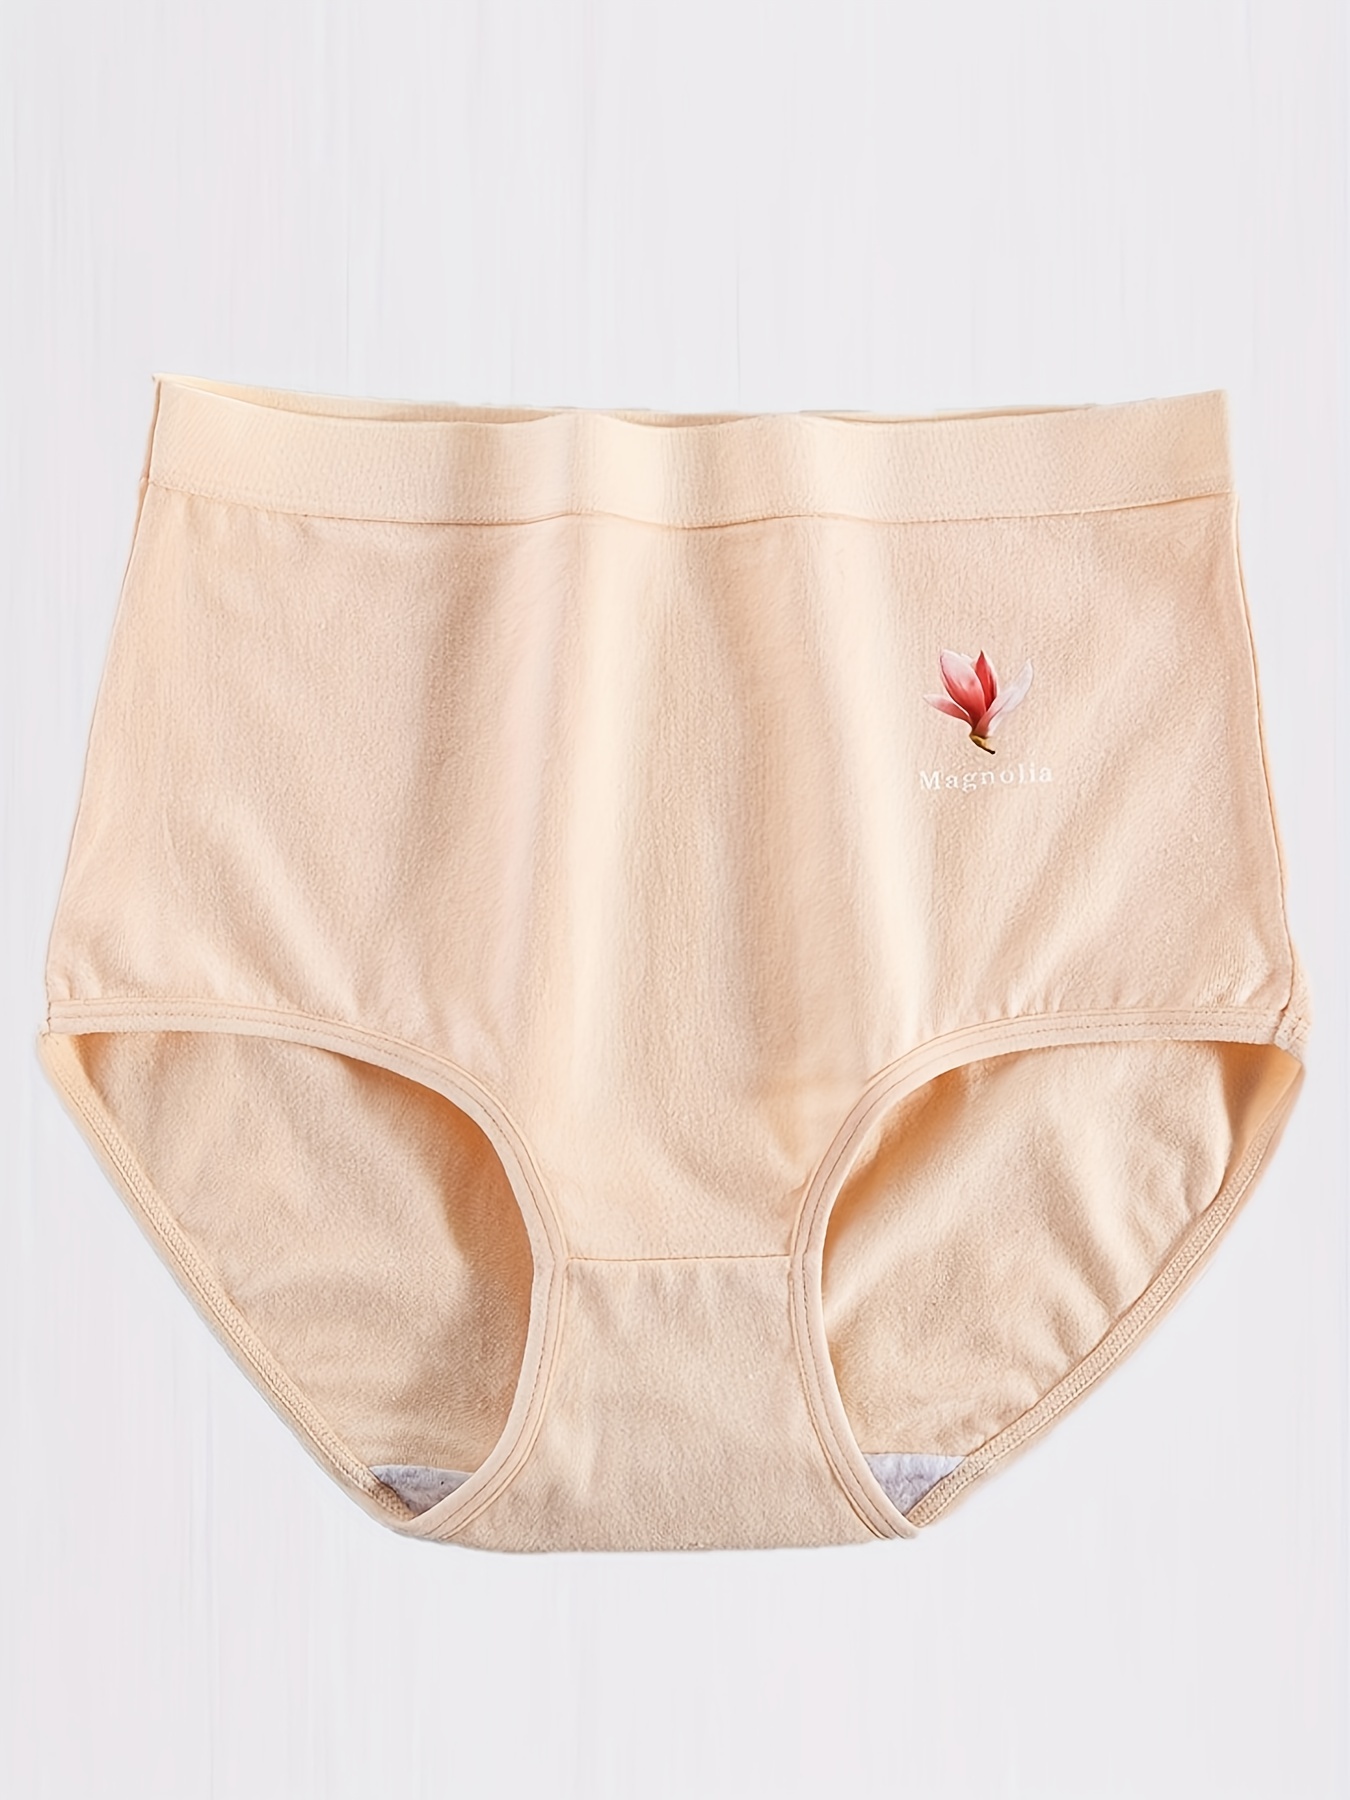 2Pcs/lot S-XXL Plus Size High Waist Lace Panties Women Seamless Briefs  Hollow Lingerie Underwear
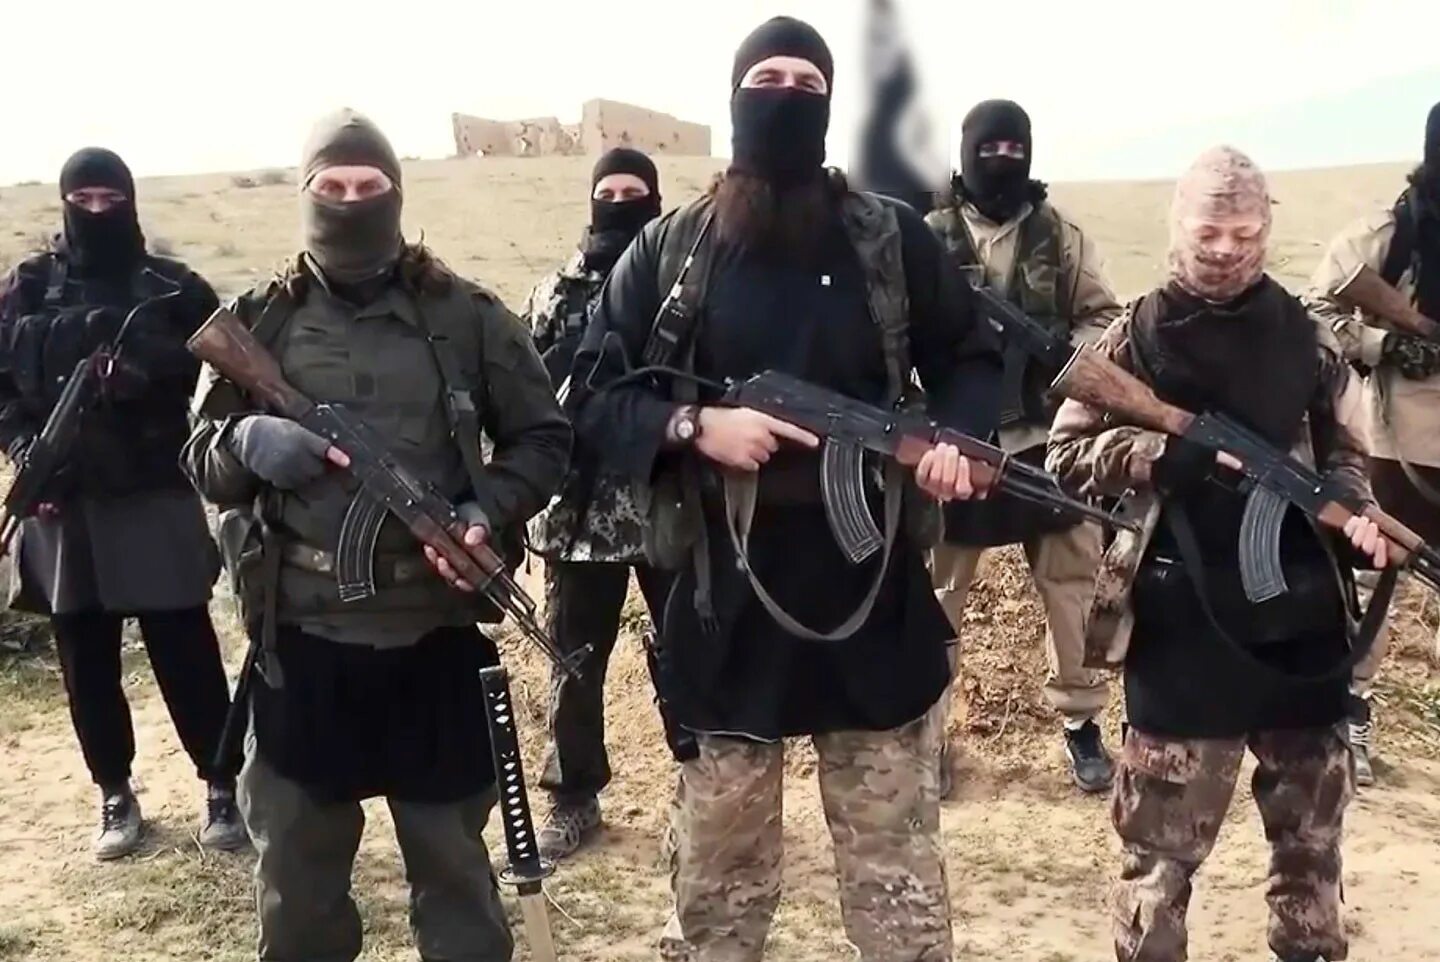 Сирия мусульмане. Террористическая группировка «Исламское государство» в Сирии. Исламское государство Ирака и Сирии. Ликвидация Абу джихада.
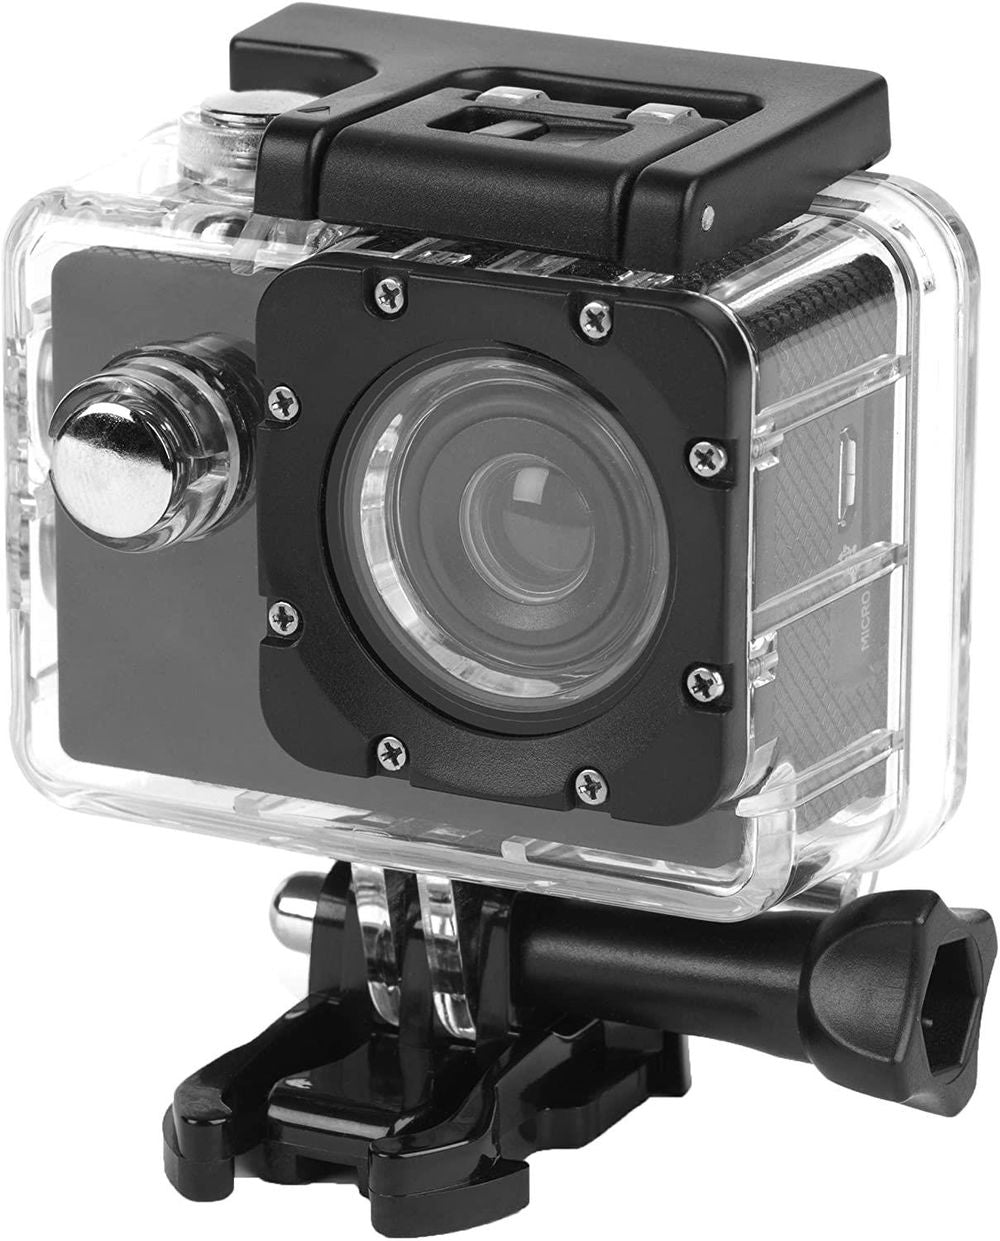 Intempo Full HD Waterproof Action Camera
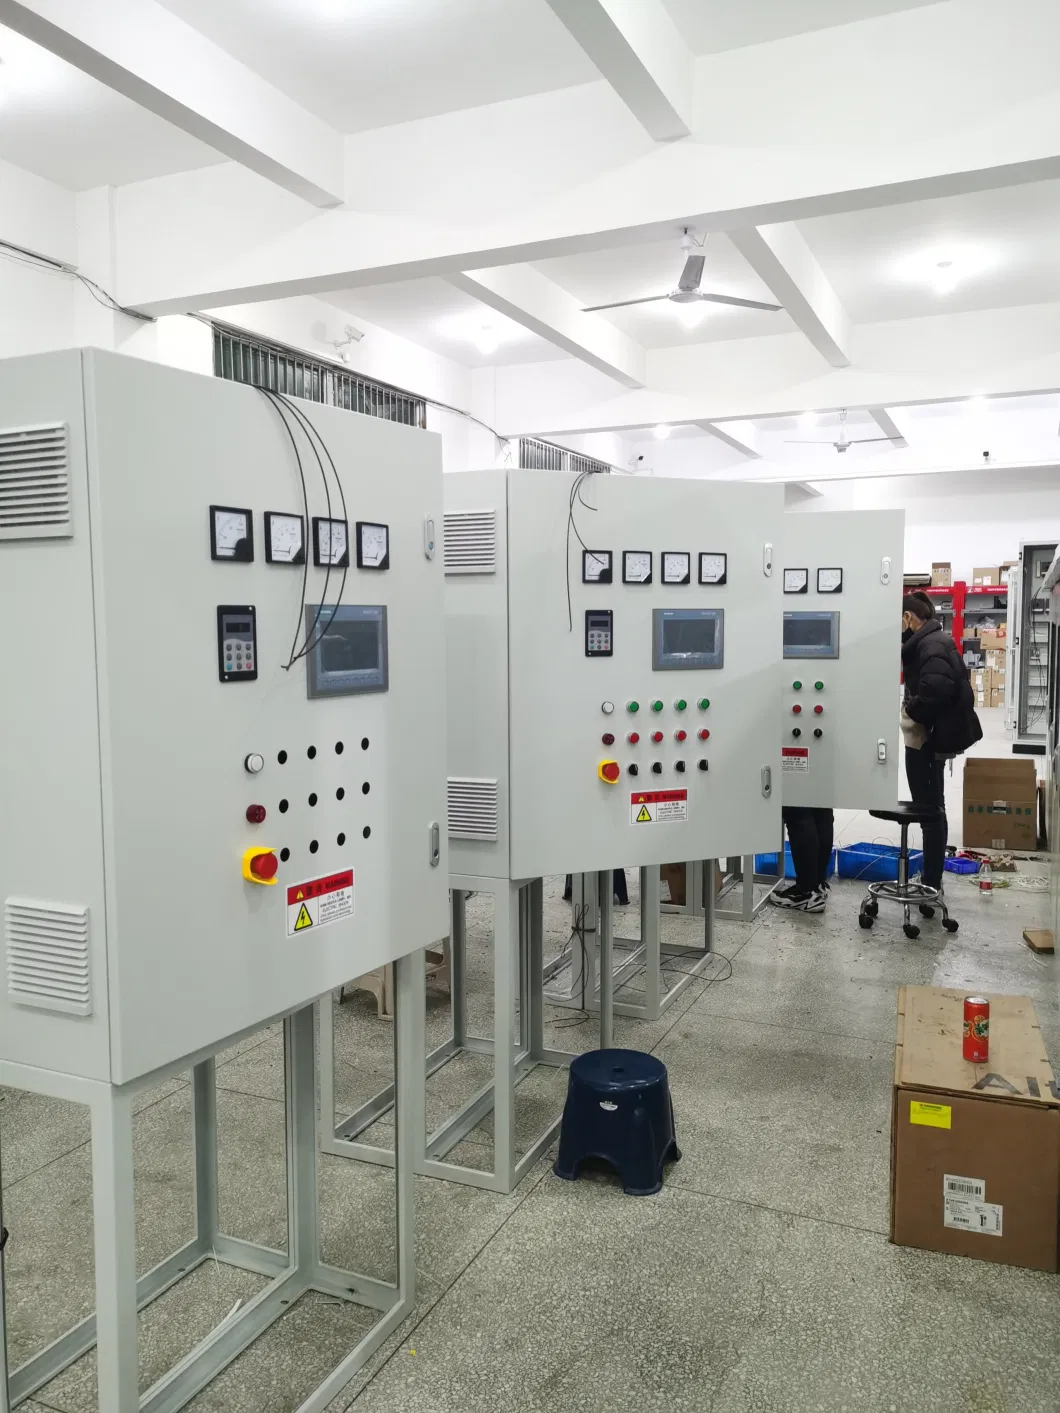 Q13 PLC Control Cabinet Complete Automation System Electric Control Panel

== EXERCISE ==
Pictures in the data above should not be copied; transcribe everything else exactly.

== RESULT OF THIS EXERCISE ==
 2Pcs/lot S-XXL Plus Size High Waist Lace Panties Women Seamless Briefs  Hollow Lingerie Underwear
 Сирия мусульмане. Террористическая группировка «Исламское государство» в Сирии. Исламское государство Ирака и Сирии. Ликвидация Абу джихада.
 Intempo Full HD Waterproof Action Camera
 Q13 PLC Control Cabinet Complete Automation System Electric Control Panel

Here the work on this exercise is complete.